I developed yet another case of sugar shock while tasting an array of chardonnays recently. The good ones were models of balance, lively with acidity and layered with nuances, even though they carried substantial oak on their backs. The inferior ones, while not what I would call offensive, could have been better with less sugar or, at least, with more acidity to balance the sweetness.

Let me start with a few winners, none of them cheap. Forman Chardonnay 2010 from Napa Valley ($52.95; score 94) wears its wood in a manner that reminded me of Sophia Loren's description of a good dress – "serving its purpose without obstructing the view." Ripe with tropical fruit flavour, it manages to deliver floral perfume and bright acidity.

Ridge Estate Chardonnay from the Santa Cruz Mountains ($49.95; 95 points), aged a full year in both new and used barrels, integrates just enough toasty-oak flavour into a creamy but crisp core of tropical fruit. And Sol De Andes Reserva Especial Chardonnay 2009 from Chile ($17.94, 90 points) is a model of the balanced big-body style at a reasonable price.

On the less successful side, there is Clos du Bois Calcaire Chardonnay 2010 from California's Russian River Valley ($24.95; 85 points). It clearly has seen time in the barrel, with enough caramel to evoke 12-year-old Scotch, but it might have found its mark with more acidity to underscore the ample fruit that seemed to be hiding behind the logs. Rodney Strong Chardonnay 2009 from Sonoma ($20.95; 86 points) is more demurely oaked, but it's just too sweet to go with most food. I could go on.

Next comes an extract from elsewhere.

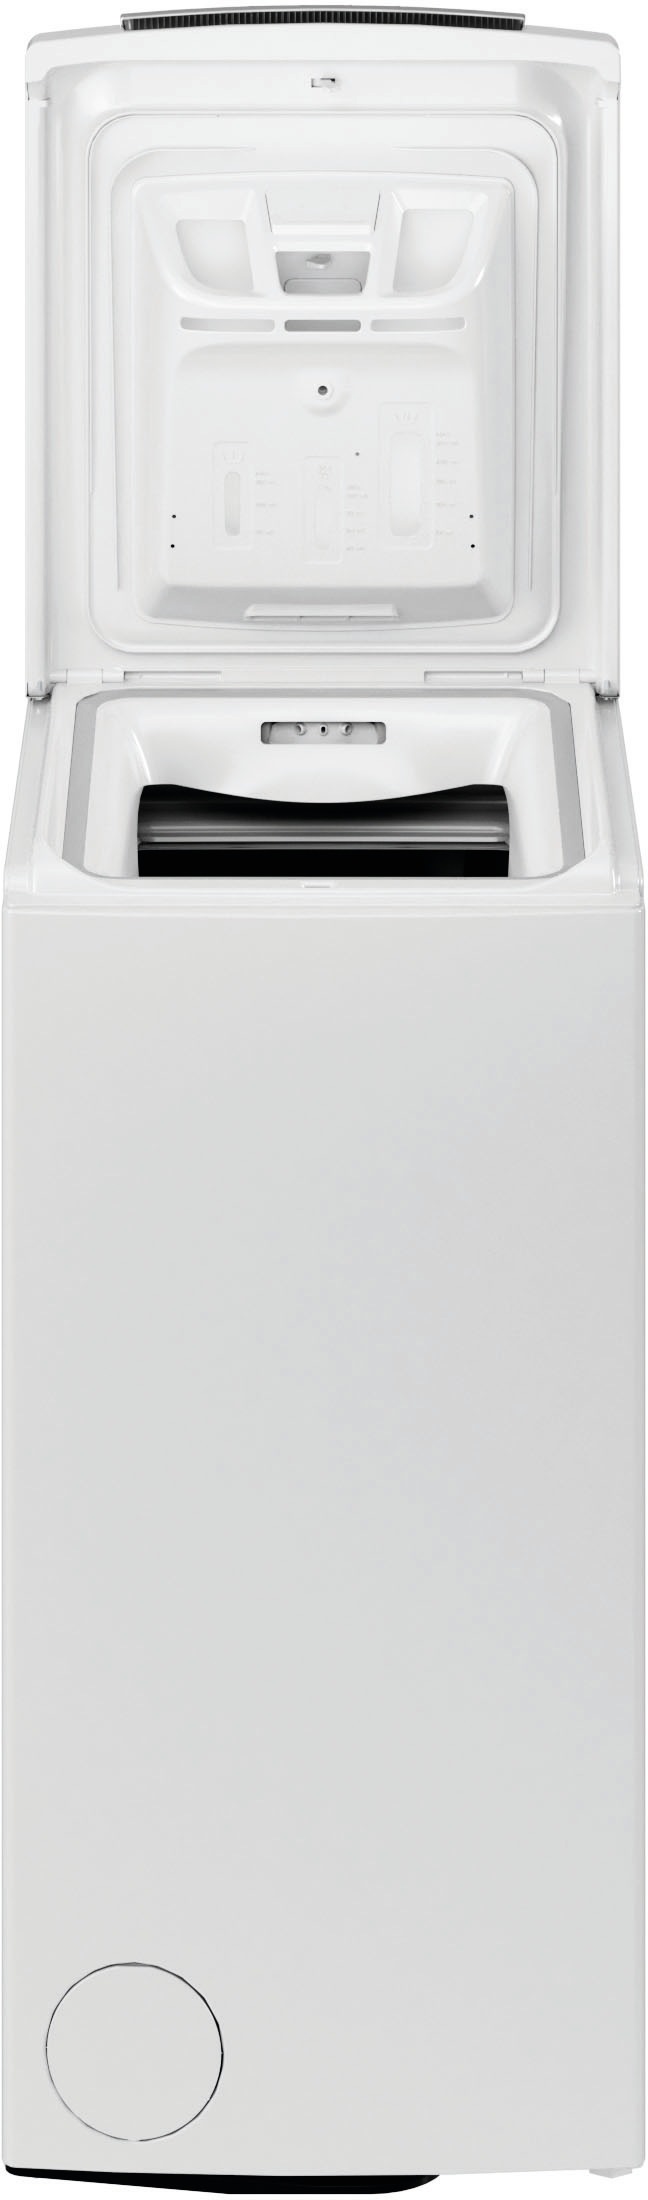 BAUKNECHT Waschmaschine Toplader WMT CC, 6513 »WMT 1200 online kg, CC«, 4 6513 6,5 U/ Jahre min, Herstellergarantie bei

It's not as simple as turning down the sugar dial in the cellar, of course. Good balance depends on a host of variables, including weather, soil, yeast and the choice of when to harvest. But I suspect that most sweet chardonnays are saccharine by design rather than because of error or the vagaries of nature.

Most Americans – Canadians too – judge wine without regard to food. That's where sugar comes in. Though we may pay lip service to food-and-wine pairing, generally we treat wine as a cocktail, talking dry while craving sweet. Whether it's got the structure and acidity to cleanse the palate and bring lift to a dish matters little in the end. Otherwise, we would be buying a lot more crisp Chablis, which generally offers good value compared with $18-and-up hot-climate chardonnay. We would also seek out more lively chardonnays from cool-climate regions in New Zealand (Kumeu River is outstanding) and Canada (Tawse and Painted Rock are impressive).

If there's a poster wine for the Kool-Aid style, it's Kendall-Jackson Vintner's Reserve Chardonnay. Created in the early 1980s by the late Jess Jackson, who made a vast fortune as a property-rights lawyer and computer-services entrepreneur, it went on to become one of the most popular wines in the United States, the first premium juggernaut. Its poorly kept secret? Just enough residual sugar to technically qualify as dry while delivering what the mass market really wanted. Over the years, I have heard high-minded winemakers lambaste the product for its chemistry-set sleight of hand. Commercial success breeds derision in the land of wine snobbery.

As I tasted the 2010 vintage of Vintner's Reserve the other week (priced at $19.95 in Ontario; 88 points), I was surprised. Next to the Clos du Bois and Rodney Strong, sampled side by side, it seemed well-balanced, with firmer acid backbone than in its early vintages. A little too engineered to rank as excellent in my mind, like a slickly produced Auto-Tune vocal, but balanced. Kool-Aid it's not. Thank goodness.